This exercise calls for the whole listing to be given again exactly, without images.

### Available data

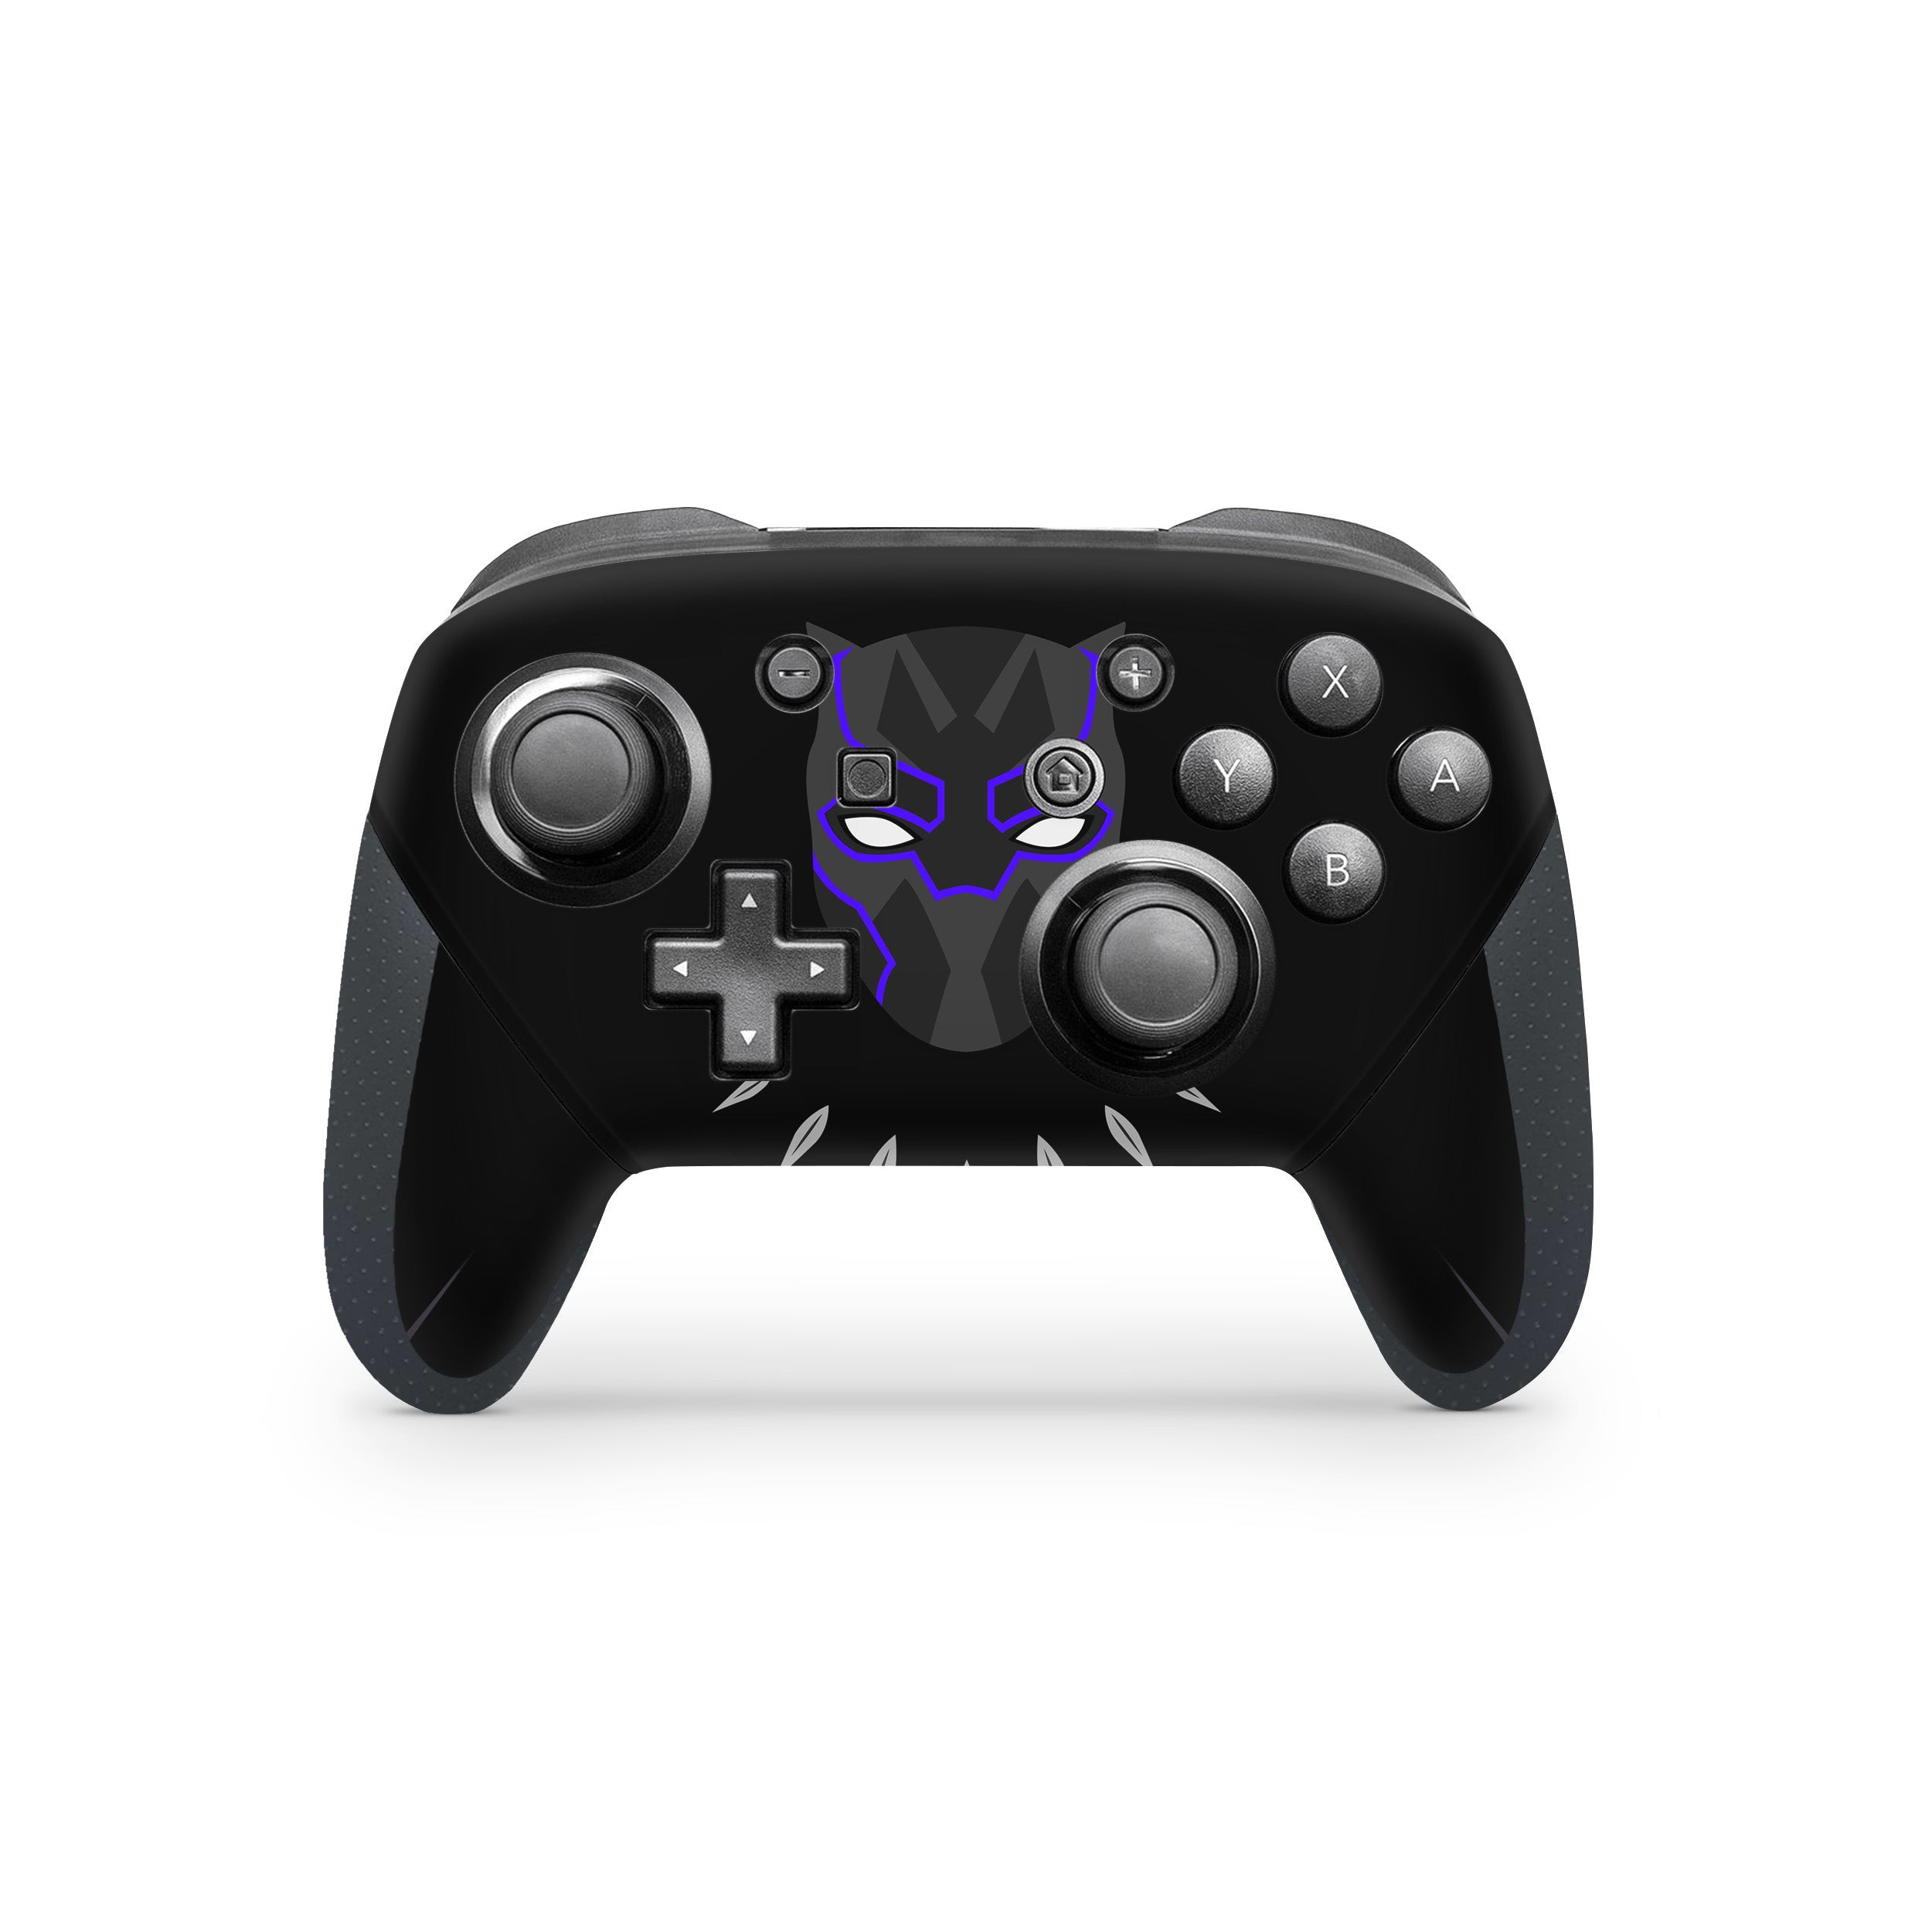 A video game skin featuring a Marvel Comics Black Panther design for the Switch Pro Controller.
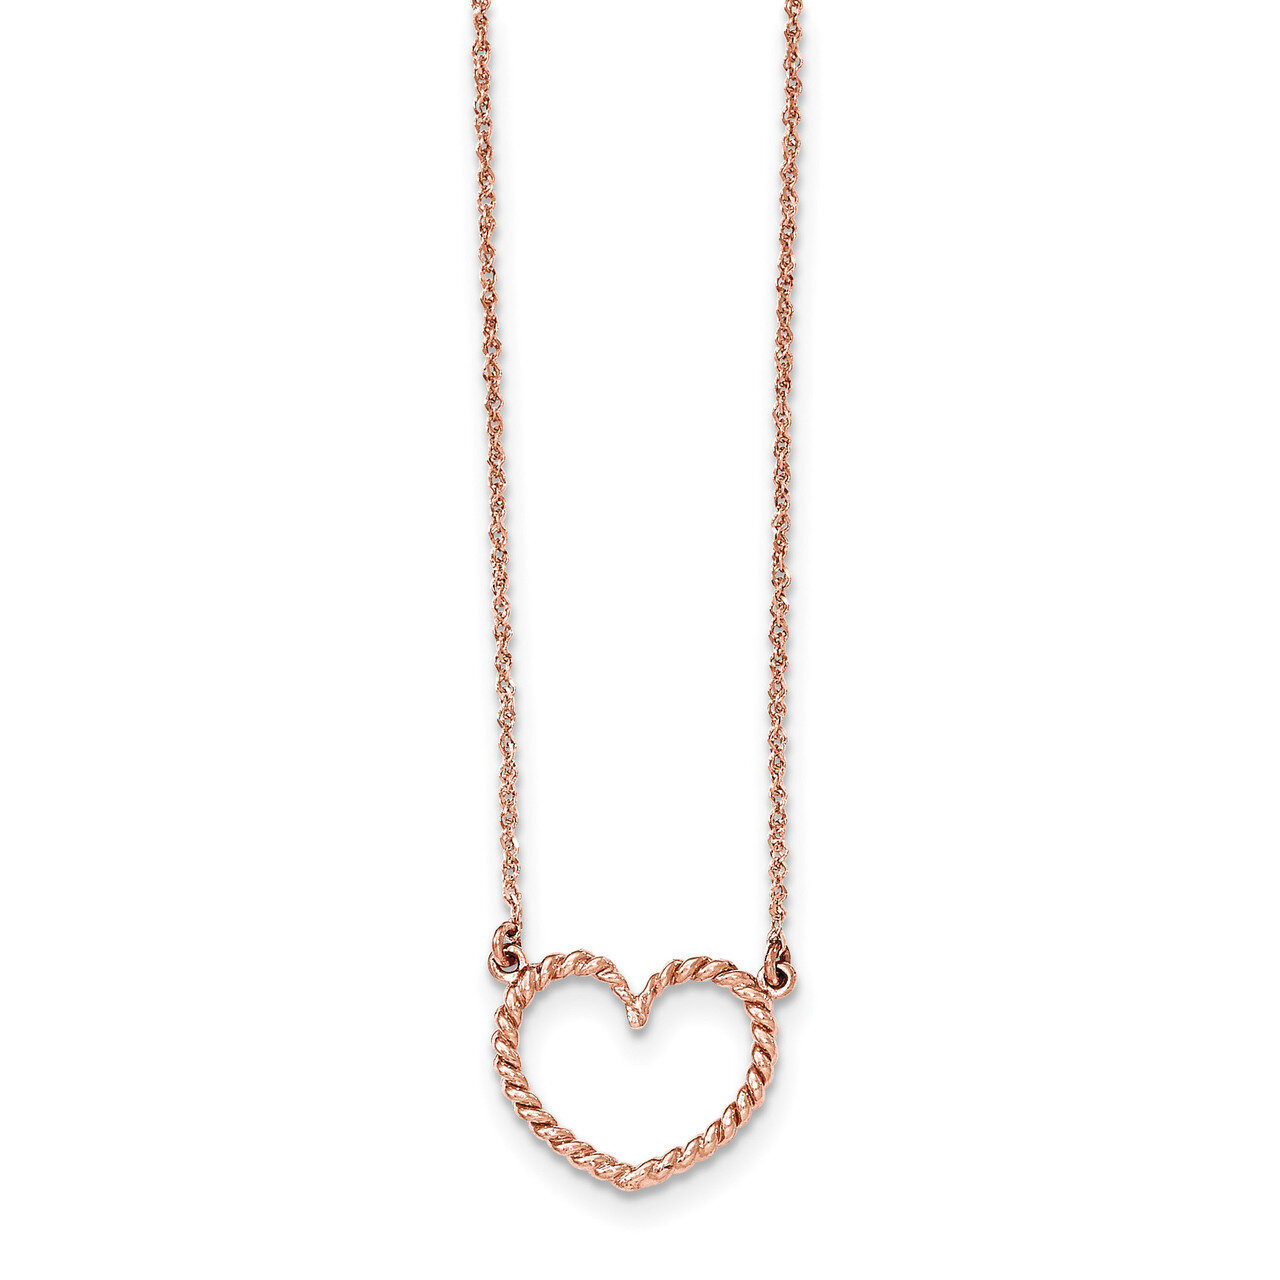 17 Inch Polished & Textured Heart Necklace 14k Rose Gold SF2291-17
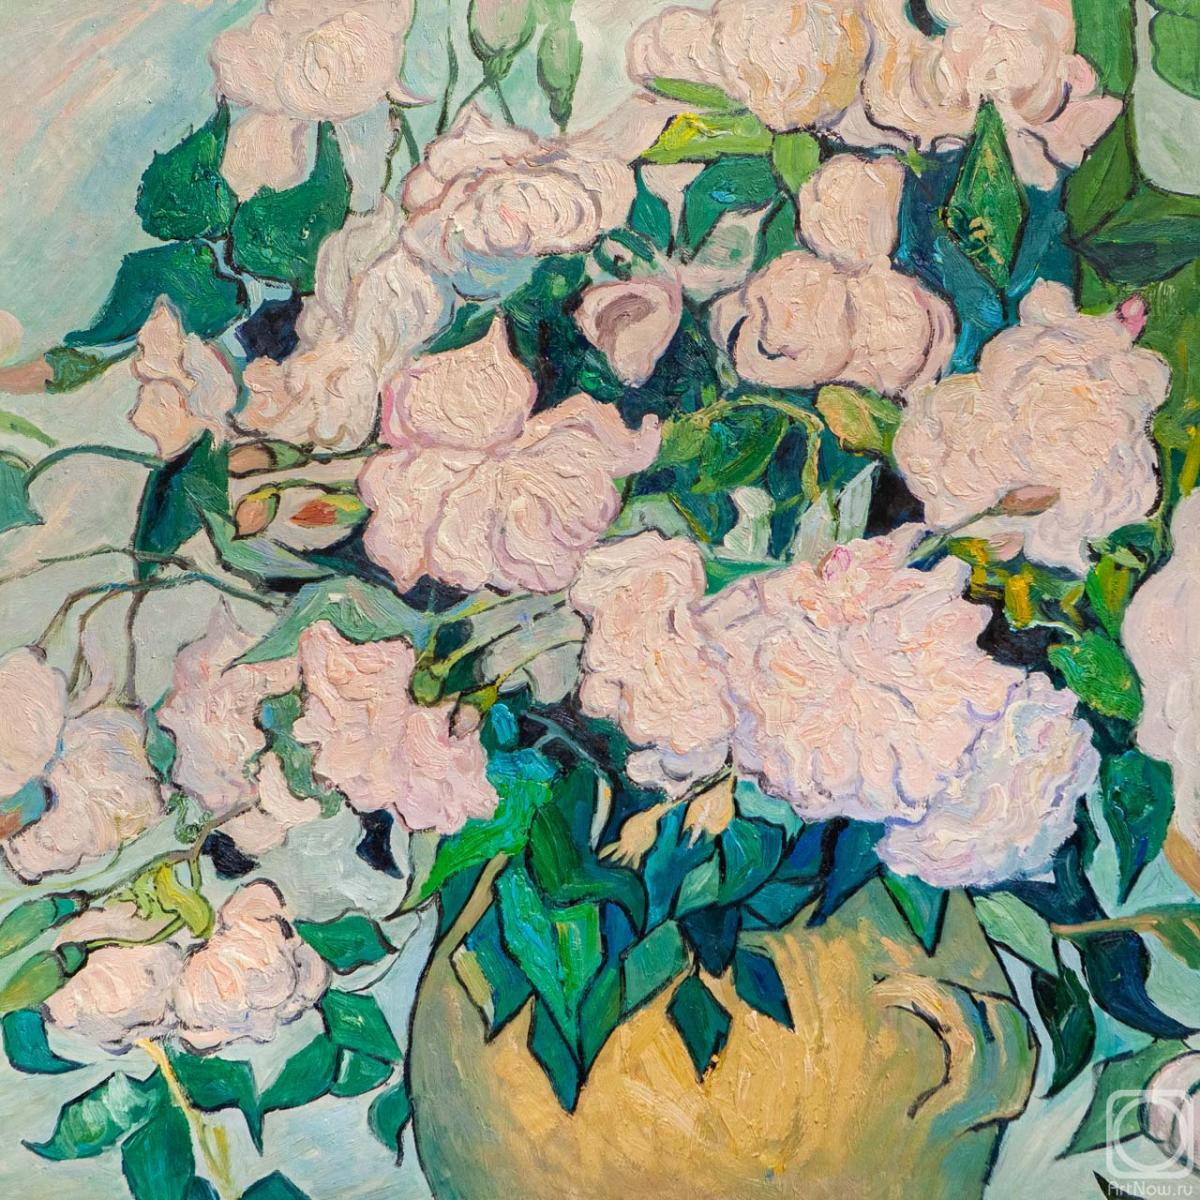 Vlodarchik Andjei. A free copy of Van Gogh's painting *Vase with Roses*

######

§ **Task result**:
 A video game skin featuring a Marvel Comics Black Panther design for the Switch Pro Controller.
 17 Inch Polished & Textured Heart Necklace 14k Rose Gold SF2291-17
 Vlodarchik Andjei. A free copy of Van Gogh's painting *Vase with Roses*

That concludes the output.